公式ヘルプでは、Freeユーザーは1日3ファイルまでに制限されると説明されています。一方、有料プランではより多くのファイルを扱えますが、通常は80ファイル/3時間のような利用上限があり、ピーク時には制限が下がる場合もあります。無料版で頻繁にファイル分析を行う場合は、すぐ上限に達する可能性があります。
アップロード上限に達したと表示されたらどうすればよいですか?
まず、正しいアカウントとプランでログインしているか確認します。次に、短時間に多くのファイルをアップロードしていないか、過去のチャット、プロジェクト、カスタムGPTに不要なファイルが残っていないかを確認します。不要なファイルを削除し、時間を置いて再試行します。サービス障害の可能性がある場合はOpenAI Statusも確認してください。
アップロードしたファイルは削除できますか?
公式ヘルプでは、チャットとファイルは別に管理されると説明されています。チャットを削除しても、Libraryに保存されたファイルが残る場合があるため、ファイル自体を削除したい場合はLibraryから確認・削除する必要があります。機密情報を扱う場合は、アップロード前に保存・削除の仕様を確認し、社内ルールに従って運用することが重要です。
ChatGPTはPDF内の画像や図表も読めますか?
公式ヘルプでは、PDF内画像の扱いはプランやファイルタイプによると説明されています。EnterpriseではPDFのVisual Retrievalがサポートされる一方、それ以外のプランや文書ファイルでは基本的にテキストベースの取得となり、画像が破棄される場合があります。図表中心のPDFを扱う場合は、画像として別途アップロードする、表をCSV化するなどの工夫が必要です。
まとめ
ChatGPTのファイルアップロード上限は、単純に「何MBまで」という話ではありません。1ファイル最大512MBという大枠に加えて、文書ファイルは2M tokens、CSVや表計算ファイルは約50MB、画像は20MB、Freeユーザーは1日3ファイル、通常は80ファイル/3時間といった複数の制限があります。

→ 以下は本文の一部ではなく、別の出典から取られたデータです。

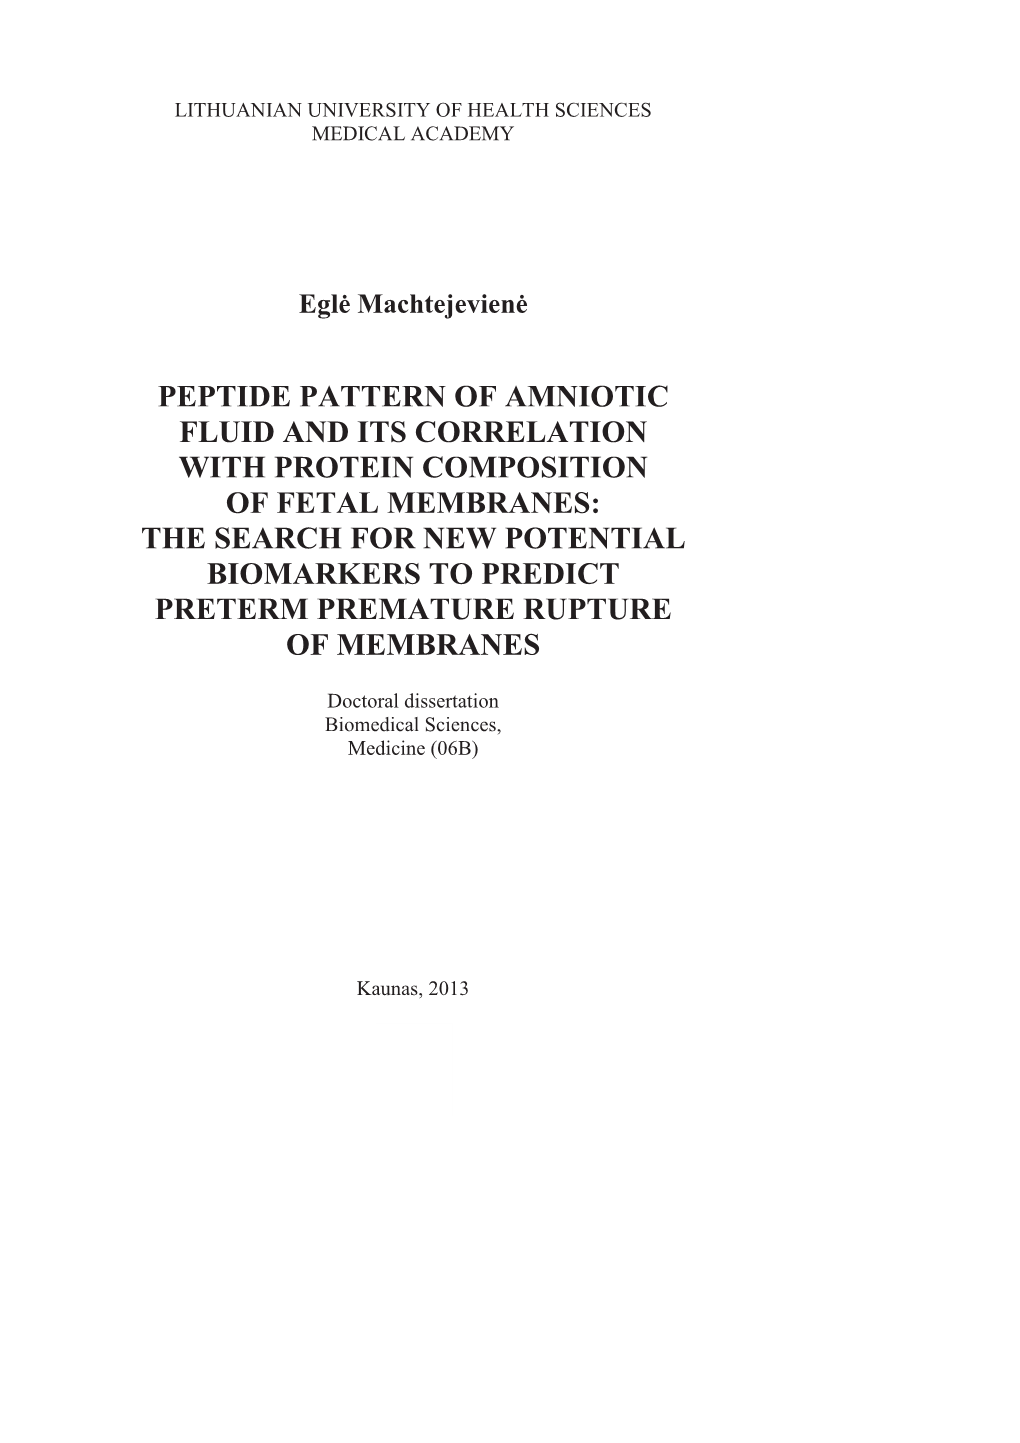 Peptide Pattern of Amniotic Fluid and Its

PDFやWordは要約や論点整理に向き、ExcelやCSVは簡易分析や傾向把握に向きます。画像はスクリーンショットや図表の説明に便利です。ただし、巨大ファイル、機密情報、厳密な計算、法務・会計・医療などの高リスク判断では、ChatGPTだけに依存しないほうが安全です。
実務で使うなら、まず小さなファイルで試し、どの種類のファイルが安定して扱えるかを確認しましょう。そのうえで、アップロード可能な資料、禁止資料、削除ルール、検証手順を決めると、ChatGPTのファイルアップロードを安全かつ効率的に活用できます。